Digital detox : my experience

Who has never tried to switch their phone or their laptop off for a day or at least for some hours, eh? I tried. Several times.


It is true, I am often on my phone and my laptop is constantly beside me. I do everything with them. I take pictures, I like pictures, I share feelings and send emails. I text friends and call my parents. I look for the closest library or market, I listen to music and set my alarm clock for tomorrow morning. I watch videos and make my homework at the same time, I learn what has just happened across the world and under my windows. I buy clothes and notebooks, I face the worst and open another tab to watch weather report.

I am not even conscious of that. How many pages do I open a day? How many times do I go on Facebook or Instagram in an hour? And I don’t speak of all of us who use their phone to time their runs instead of running as long as they enjoy it; all of us who watch television and go web surfing at the same time; all of us who can’t wait to answer a text whereas they are talking face-to-face with someone else.

It may sound paradoxical, but I love technology. I am 19, I was born with it and I don’t know how I would live without it. But yes, sometimes, I need to switch everything off and concentrate on what is really important. I need to have little moments for my own self and my own peace. How many times did I get a headache because of hours spent in front of my laptop? How many times did I get angry or exasperated because of something I read from somebody I didn’t know? Technology runs off my body’s energy. I have become another battery and sleep is not enough to refresh.
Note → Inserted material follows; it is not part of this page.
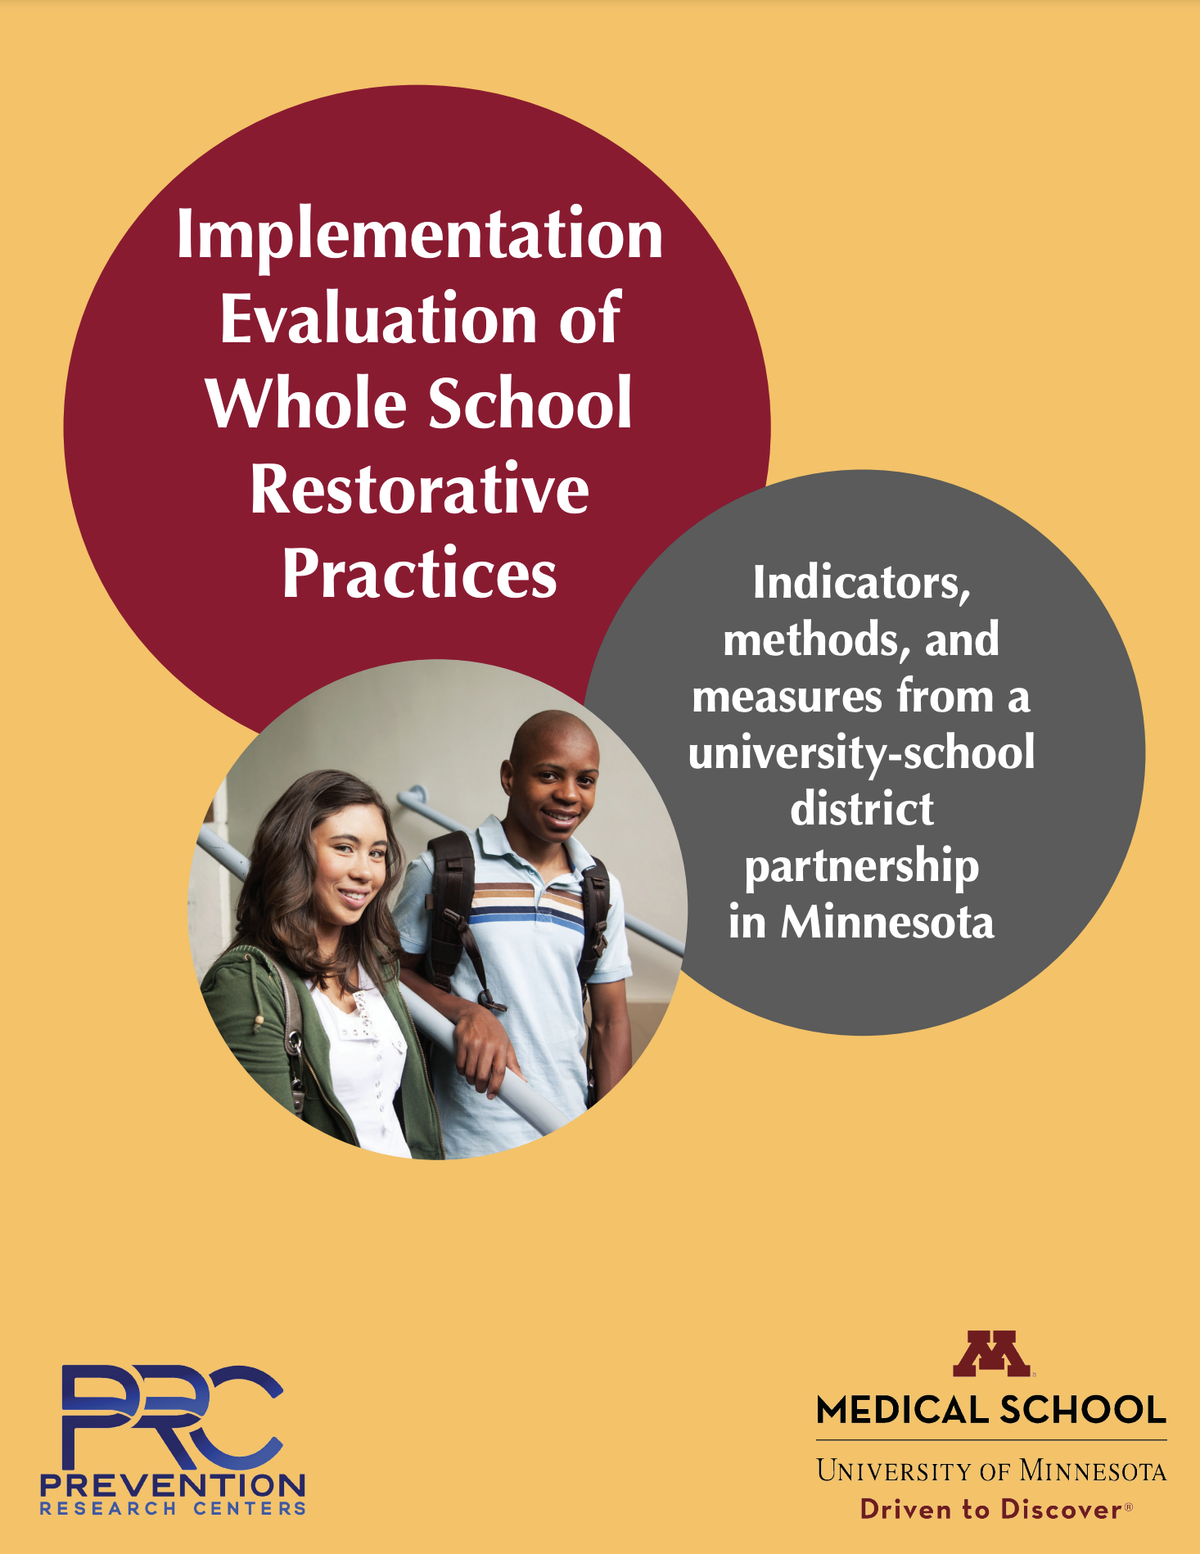 Cover of report with UMN branding and photo of two teens

So last weekend was the weekend. A new attempt after several “not so bad” tries but also “not totally respected” tries*.

*we all know that little voice that tells you it is okay to check your emails for five minutes and you end up two hours later watching a video of baby cats. And don’t fool with me, I know I am not the only one.

From Friday night to Saturday night, I turned off my phone and laptop. I chose that moment responding to Grok Nation and Shabbat, and because I prefer being at peace during weekends. I must say that I am not Jewish, not even religious, but it helped me to appreciate my “struggle” better — crazy, right? It has often been easier for me to follow something that does not only rest on my own resolution, something that is respected by many others too. It makes me want to do it until the end without thinking “nobody will know if you stop now, it was your idea”. It is like doing sport with a friend: you train even if you don’t want to because you know there is someone to cheer you up and you don’t want to give up on them. Moreover, as digital detox is not something I am used to doing, I wanted to have a goal and advice, to be a bit reassured, and I know several grokites were in the same state of mind.

It is weird to use the word “reassure” about turning off electronic devices. I was afraid to switch them off because it was like getting rid of my personal life, being deprived of something. Most of all, I knew I would receive a lot of notifications during that period and I was hoping nothing important would come over — nothing happened, fortunately. I missed likes and comments on Instagram and WordPress, I missed messages and emails, but nothing that could not wait. I put my phone on my bedside table around 8pm and enjoyed three hours of reading. I slept like a baby, woke up less stressed than the day before. I still wanted to take my phone and send lovely messages to people I missed, but I realized I was missing them beause I was doing nothing — you truly miss someone when you are occupied, when you want to share that moment with them, when you can’t concentrate on what you are doing, not when you are bored.

During those 25 hours or so, I read again and again. I finished a novel and read Judaism for Dummies — yes, I am still reading it as it is a bit complicated when you are not religious. I also made a list of what I wanted to check on the Internet later and guess what? Those things could wait. I did not do much more but it was enough to relax and escape from negativity. What I loved the most was to wake up gently and read a paper book, not assaulted by a powerful light and music, nor disturbed by the absence* or presence of notifications I missed during the night.

*I even think the lack of notifications is more stressful and disappointing because I interpret it as a lack of attention and love.

I think my experience can be called “my real and successful first digital detox”. I have some plans now. I plan to turn off my electronic devices around 9pm every day so that I can sleep peacefully and more easily, enjoying a good book. I also plan other digital detox days, either from Friday to Saturday, or Saturday to Sunday. It will be a bit tough because university requires the Internet but I just need to organize myself. I don’t want to neglect my body and my soul anymore, it is too painful. Bye bye, tiredness!

Marion                                                                                                                                                  Ps. Shana Tova!


12 thoughts on “Digital detox : my experience

  1. In my last year of uni when stress was really starting to get to me I had to start doing this. Once it hit eight o’clock the tech went off and I got out a book instead or did something else non-tech based. I’ve slipped back into old habits since but it might be worth me going back to that old routine for a bit at least.